CtrlK
BlogDocsLog inGet started
Tessl Logo

tessl/pypi-xgboost

XGBoost is an optimized distributed gradient boosting library designed to be highly efficient, flexible, and portable

Overview
Eval results
Files

sklearn-interface.mddocs/

Scikit-Learn Interface

XGBoost provides scikit-learn compatible estimators that follow sklearn conventions for seamless integration with existing ML pipelines.

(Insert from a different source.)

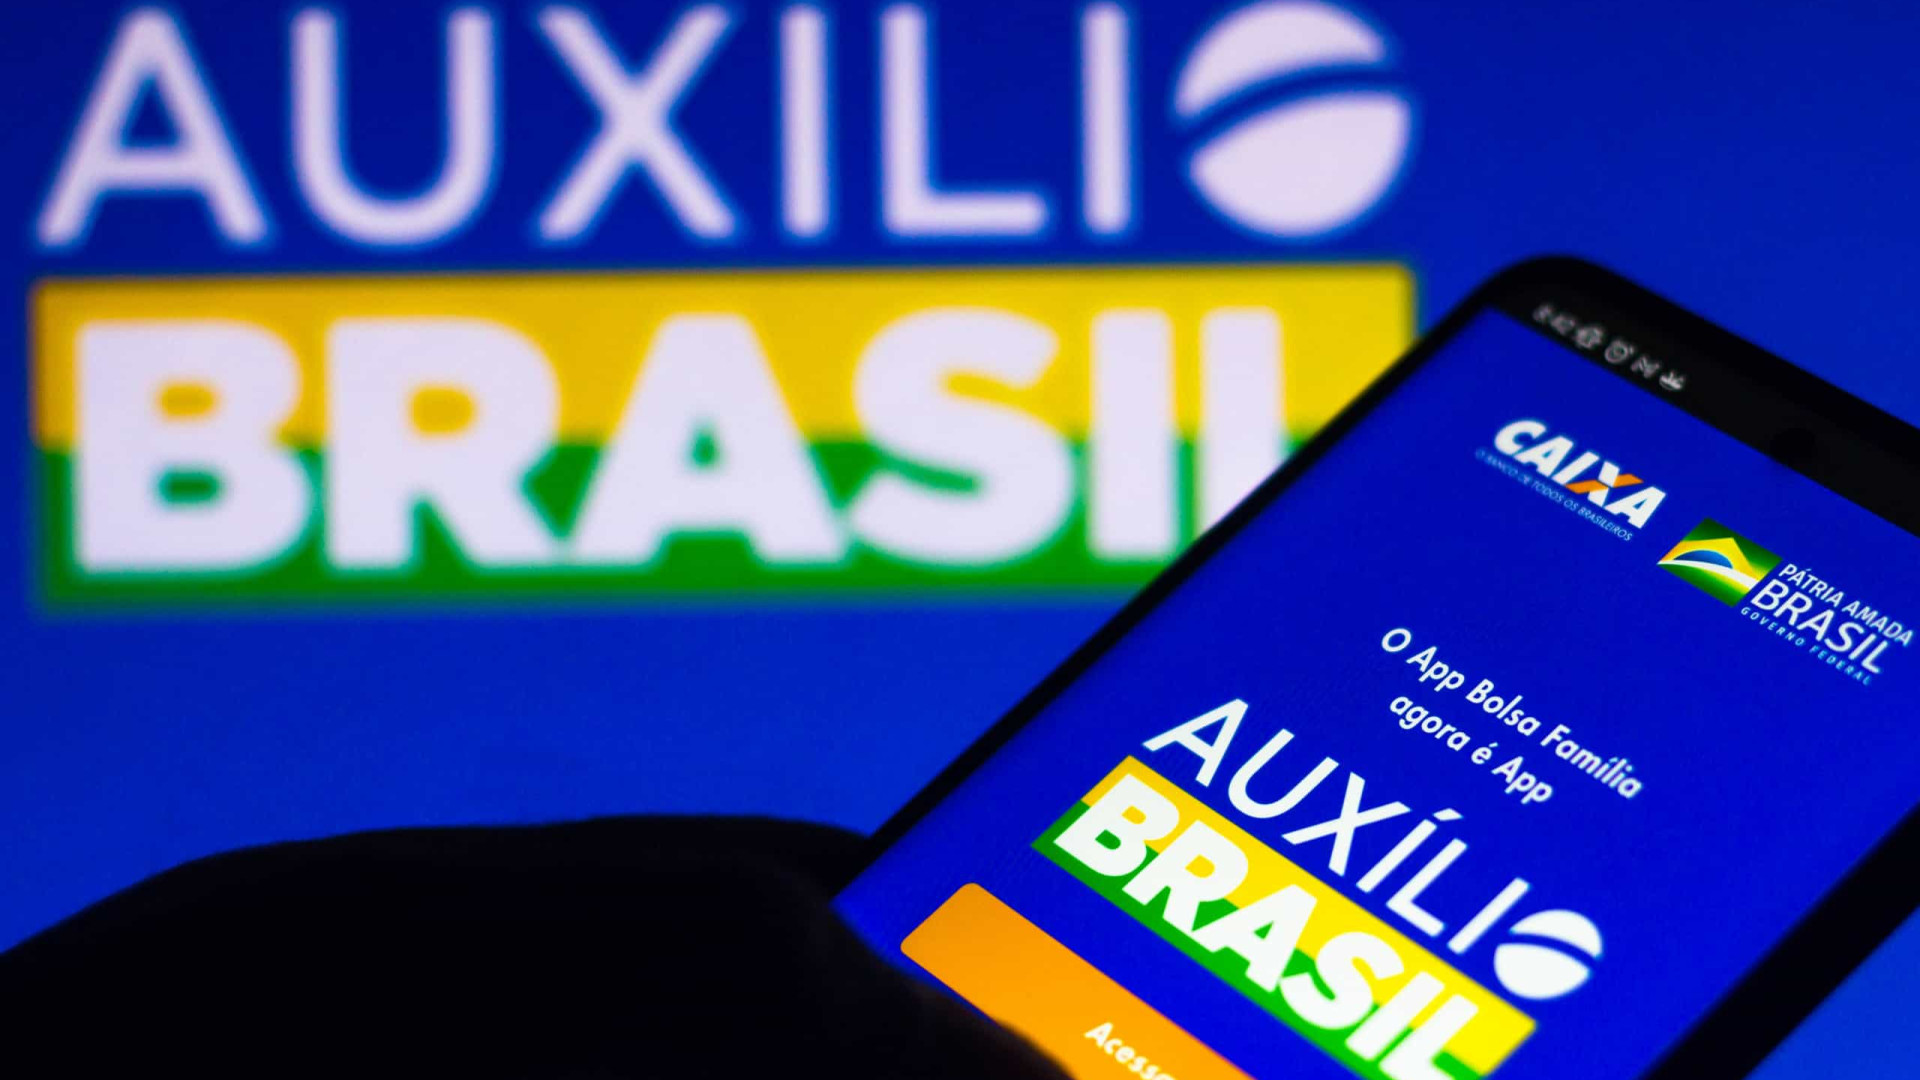 Auxílio Brasil de R$ 400 deve começar a ser pago em dezembro a 17 milhões de famílias

These estimators provide familiar fit/predict interfaces while leveraging XGBoost's powerful gradient boosting algorithms.

Capabilities

Base Model Class

Base class for all XGBoost sklearn-compatible estimators.

class XGBModel:
    def __init__(
        self,
        n_estimators=100,
        max_depth=None,
        max_leaves=None,
        max_bin=None,
        grow_policy=None,
        learning_rate=None,
        verbosity=None,
        objective=None,
        booster=None,
        tree_method=None,
        n_jobs=None,
        gamma=None,
        min_child_weight=None,
        max_delta_step=None,
        subsample=None,
        sampling_method=None,
        colsample_bytree=None,
        colsample_bylevel=None,
        colsample_bynode=None,
        reg_alpha=None,
        reg_lambda=None,
        scale_pos_weight=None,
        base_score=None,
        random_state=None,
        missing=None,
        num_parallel_tree=None,
        monotone_constraints=None,
        interaction_constraints=None,
        importance_type='gain',
        device=None,
        validate_parameters=None,
        enable_categorical=False,
        feature_types=None,
        max_cat_to_onehot=None,
        max_cat_threshold=None,
        multi_strategy=None,
        eval_metric=None,
        early_stopping_rounds=None,
        callbacks=None,
        **kwargs
    ):
        """
        Base XGBoost sklearn-compatible estimator.

        Parameters:
        - n_estimators: Number of boosting rounds
        - max_depth: Maximum tree depth
        - learning_rate: Boosting learning rate
        - objective: Learning objective
        - booster: Booster type ('gbtree', 'gblinear', 'dart')
        - tree_method: Tree construction algorithm
        - n_jobs: Number of parallel threads
        - gamma: Minimum loss reduction for split
        - min_child_weight: Minimum sum of instance weight in child
        - subsample: Subsample ratio of training instances
        - colsample_bytree: Subsample ratio of columns per tree
        - reg_alpha: L1 regularization term
        - reg_lambda: L2 regularization term
        - random_state: Random seed
        - enable_categorical: Enable categorical feature support
        """

    def fit(
        self,
        X,
        y,
        sample_weight=None,
        base_margin=None,
        eval_set=None,
        eval_metric=None,
        early_stopping_rounds=None,
        verbose=True,
        xgb_model=None,
        sample_weight_eval_set=None,
        base_margin_eval_set=None,
        feature_weights=None,
        callbacks=None
    ):
        """
        Fit the model to training data.

        Parameters:
        - X: Training features
        - y: Training labels
        - sample_weight: Sample weights
        - base_margin: Base margin for each sample
        - eval_set: Evaluation sets as list of (X, y) tuples
        - eval_metric: Evaluation metric(s)
        - early_stopping_rounds: Early stopping rounds
        - verbose: Verbosity
        - xgb_model: Existing model to continue training
        - sample_weight_eval_set: Sample weights for eval sets
        - base_margin_eval_set: Base margins for eval sets
        - feature_weights: Feature weights
        - callbacks: Callback functions

        Returns:
        Self
        """

    def predict(
        self,
        X,
        output_margin=False,
        validate_features=True,
        base_margin=None,
        iteration_range=None
    ):
        """
        Make predictions on input data.

        Parameters:
        - X: Input features
        - output_margin: Output raw margins
        - validate_features: Validate feature names/types
        - base_margin: Base margin for each sample
        - iteration_range: Range of boosting rounds

        Returns:
        Predictions as numpy array
        """

    def get_booster(self):
        """Get underlying Booster object."""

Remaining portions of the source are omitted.